Reputation: 15270
I have lots of log files in a deeper directory like so:
/my/deep/path/to/log/files/
foo-2016-10-10.log
foo-2016-10-11.log
bar-2016-10-10.log
bar-2016-10-11.log
Many times a day I find myself tailing different logs like so:
tail -fn 100 /my/deep/path/to/log/files/foo-2016-10-10.log
Is it possible to alias everything but the final file? And allow tab completion to get me the rest of the way?
For example, I'd love to type tl
(short for tail log) and the specific log file I'm looking for like so:
$ tl foo
[HIT TAB KEY]
$ tl foo-2016-10-1
[HIT 1 and TAB KEY]
$ tl foo-2016-10-11.log
Is this possible in bash? How can I accomplish this?
Upvotes: 2
Views: 468
Reputation: 46853
Pretty much a clone of Charles Duffy's answer (with the only difference that he uses globs and I'm using compgen
— which is probably the way completions are (badly) designed to be written):
_tl_COMPDIR=/my/deep/path/to/log/files/
_comp_tl() {
local IFS=$'\n'
COMPREPLY=( $(compgen -f -- "$_tl_COMPDIR$2") )

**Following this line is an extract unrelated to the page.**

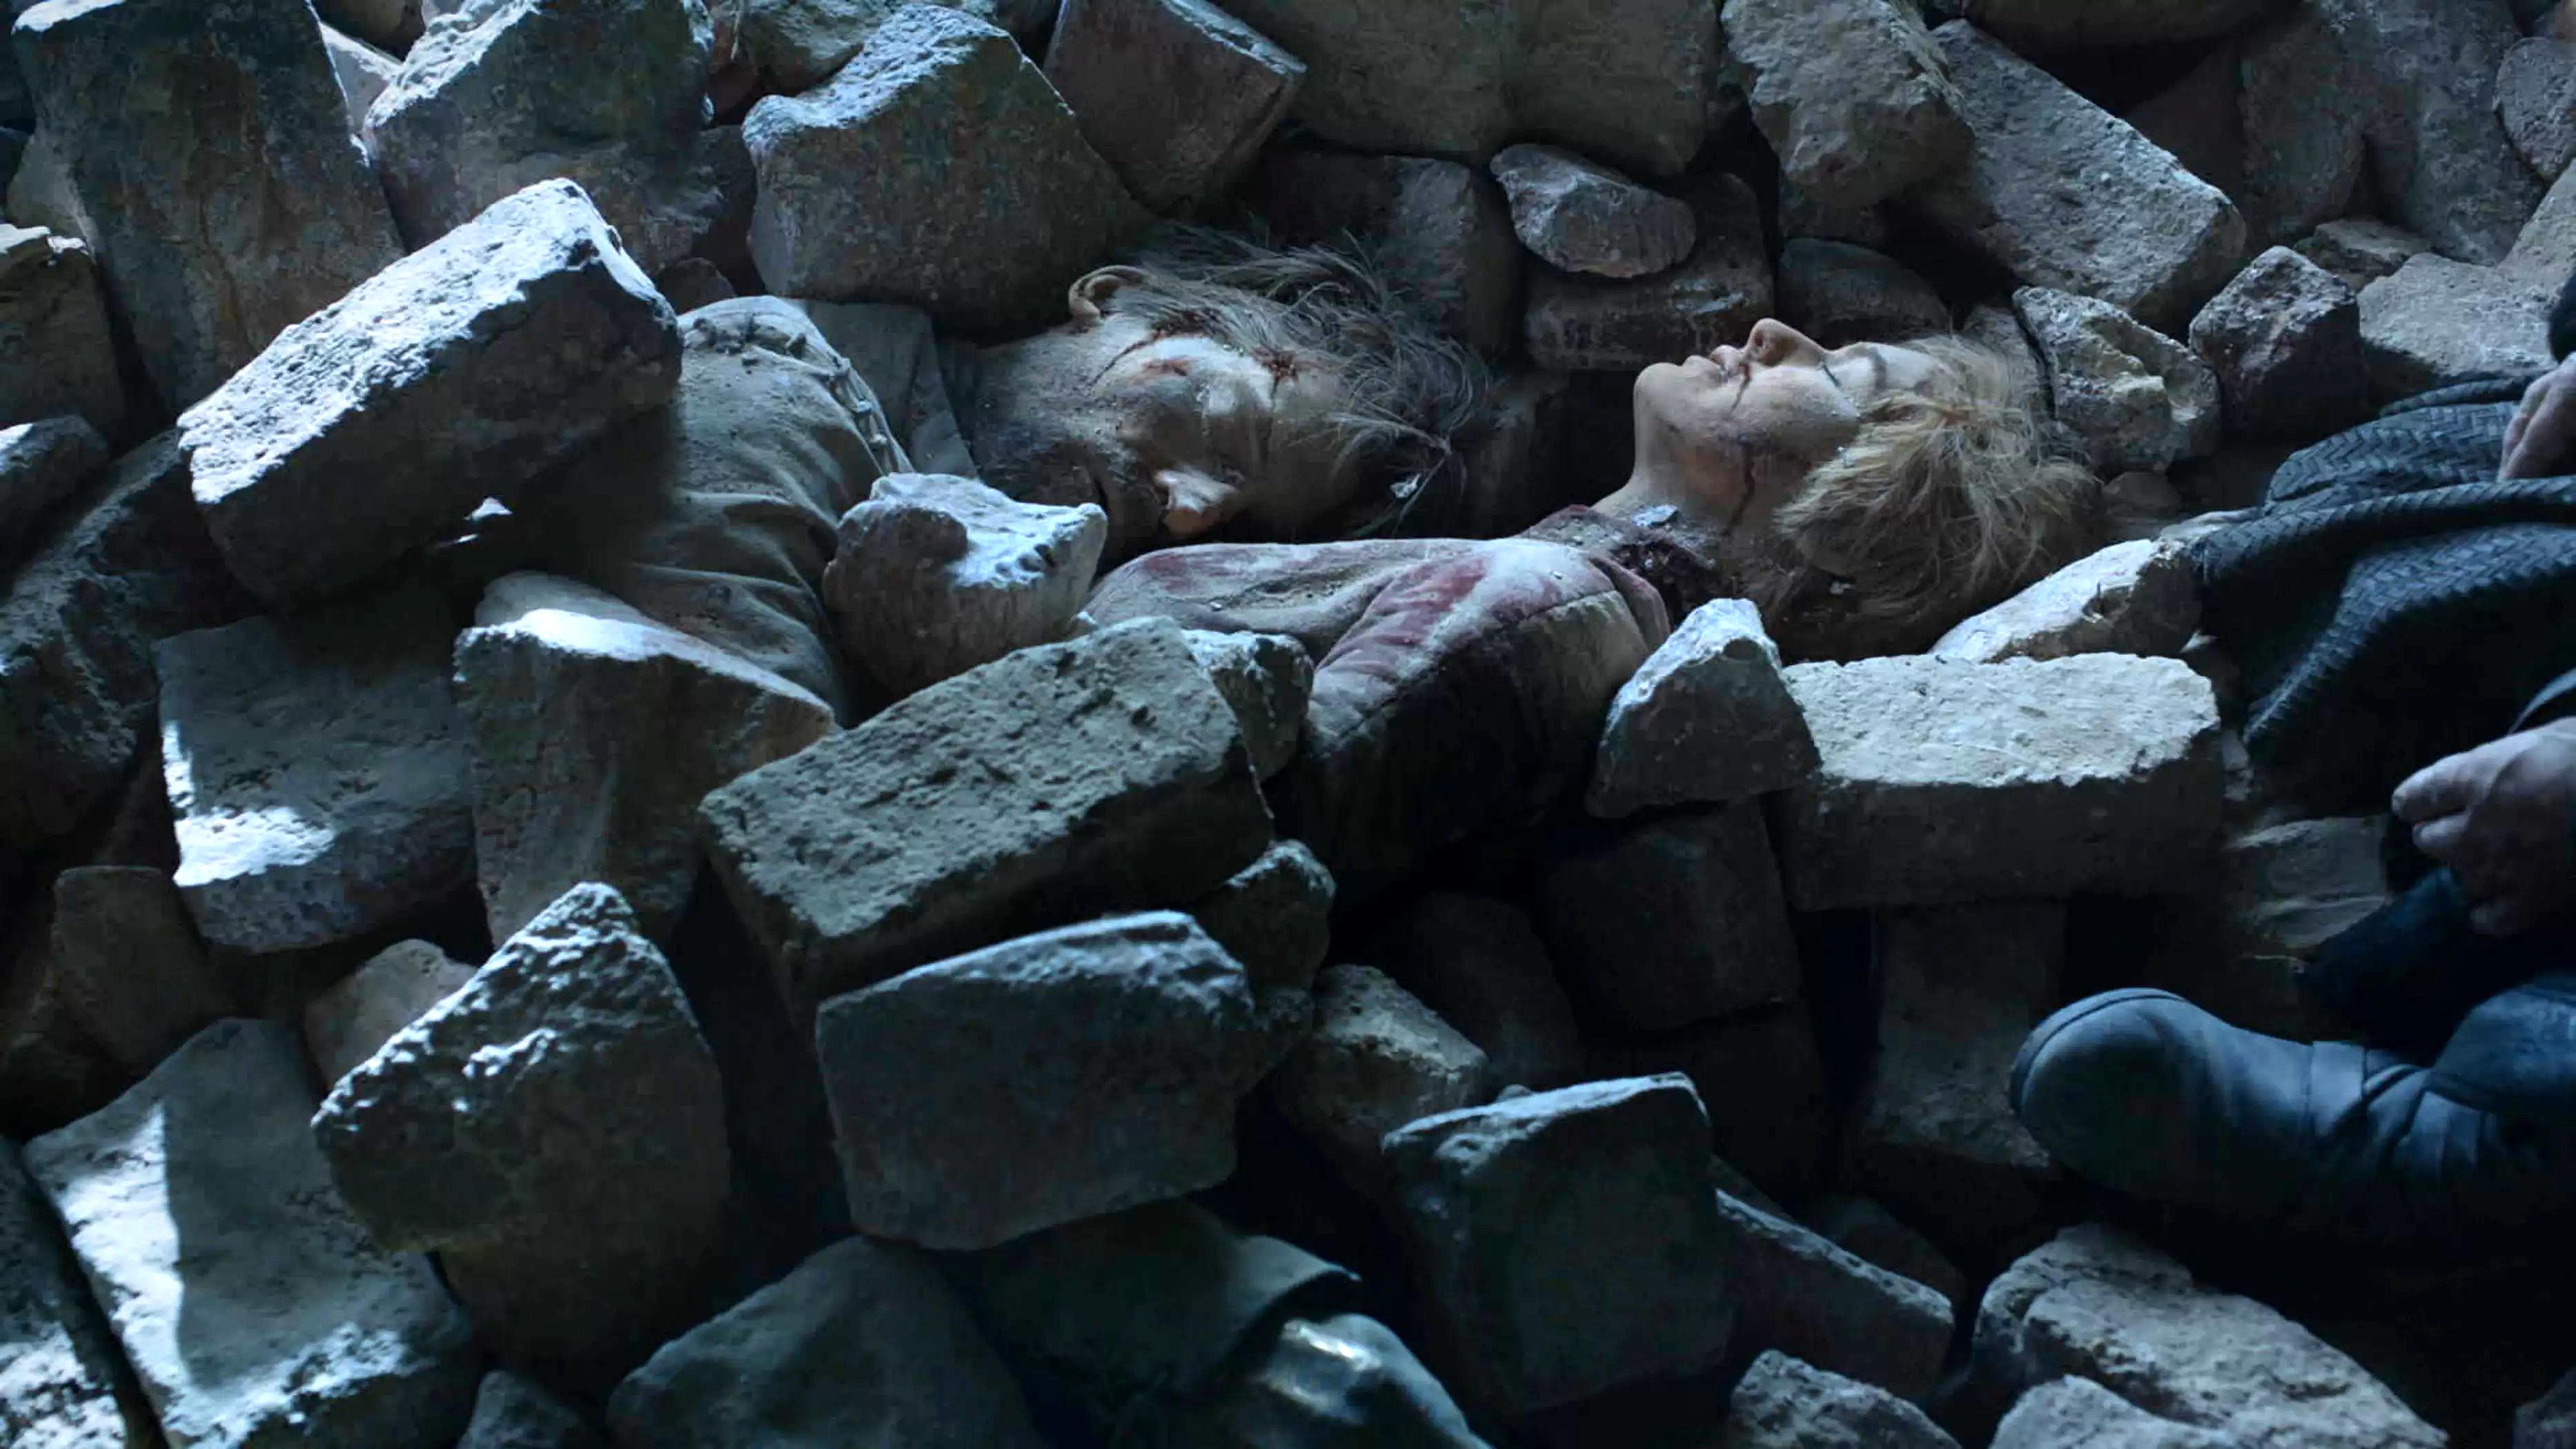 8x06 - The Iron تخت - Jaime and Cersei

COMPREPLY=( "${COMPREPLY[@]#"$_tl_COMPDIR"}" )
}
tl() (
cd -- "$_tl_COMPDIR" && tail -fn 100 "$@"
)
complete -o nospace -o filenames -F _comp_tl tl
Upvotes: 3
Reputation: 295619
It's a bit ugly, but this does the job:
_tl_log_path=/my/deep/path/to/log/files
_tl_completions() {
COMPREPLY=( "${_tl_log_path}/$2"* )
COMPREPLY=( "${COMPREPLY[@]#${_tl_log_path}/}" )
if [[ ${COMPREPLY[0]} = "$2*" ]]; then
COMPREPLY=( )
fi
}
complete -F _tl_completions -o filenames tl
As for your tl
, I'd suggest implementing it as such:
tl() {
# generate an array of arguments to pass to tail
local -a args=( )
# iterate over each argument given to the function
for arg; do
if [[ -e "$_tl_log_path/$arg" ]]; then
# if a like-name file exists under _tl_log_path, add that filename as an argument
args+=( "$_tl_log_path/$arg" )
else
# otherwise, add that argument exactly as it already exists
args+=( "$arg" )
fi
done
# ...and, finally, execute the tail command.
tail -f "${args[@]}"
}
...though you could also go cheap and easy:
tl() (
cd "$_tl_log_path" || exit
exec tail -f "$@"
)
To explain:
complete -F funcname cmdname
indicates that the shell function funcname
should be called to determine how to complete the command cmdname
. -o filenames
further indicates that the results should be treated as filenames.COMPREPLY
is a shell array which the completion function is expected to fill out with possible completions.COMPREPLY=( "${_tl_log_path}/$2"* )
expands the given content as a glob (because the *
is, intentionally, outside the quotes).COMPREPLY=( "${COMPREPLY[@]#${_tl_log_path}/" )
then strips the log directory as a prefix from each result in the array.[[ ${COMPREPLY[0]} = "$2*" ]]
(with the asterisk inside the quotes, on this occasion), detects the case where no possible glob expansion results existed, and where (thus) the glob expanded to itself (assuming that the shell's configuration via shopt
is at defaults).Upvotes: 2
Reputation: 204
Yes you can simply switch to that directory before executing the command.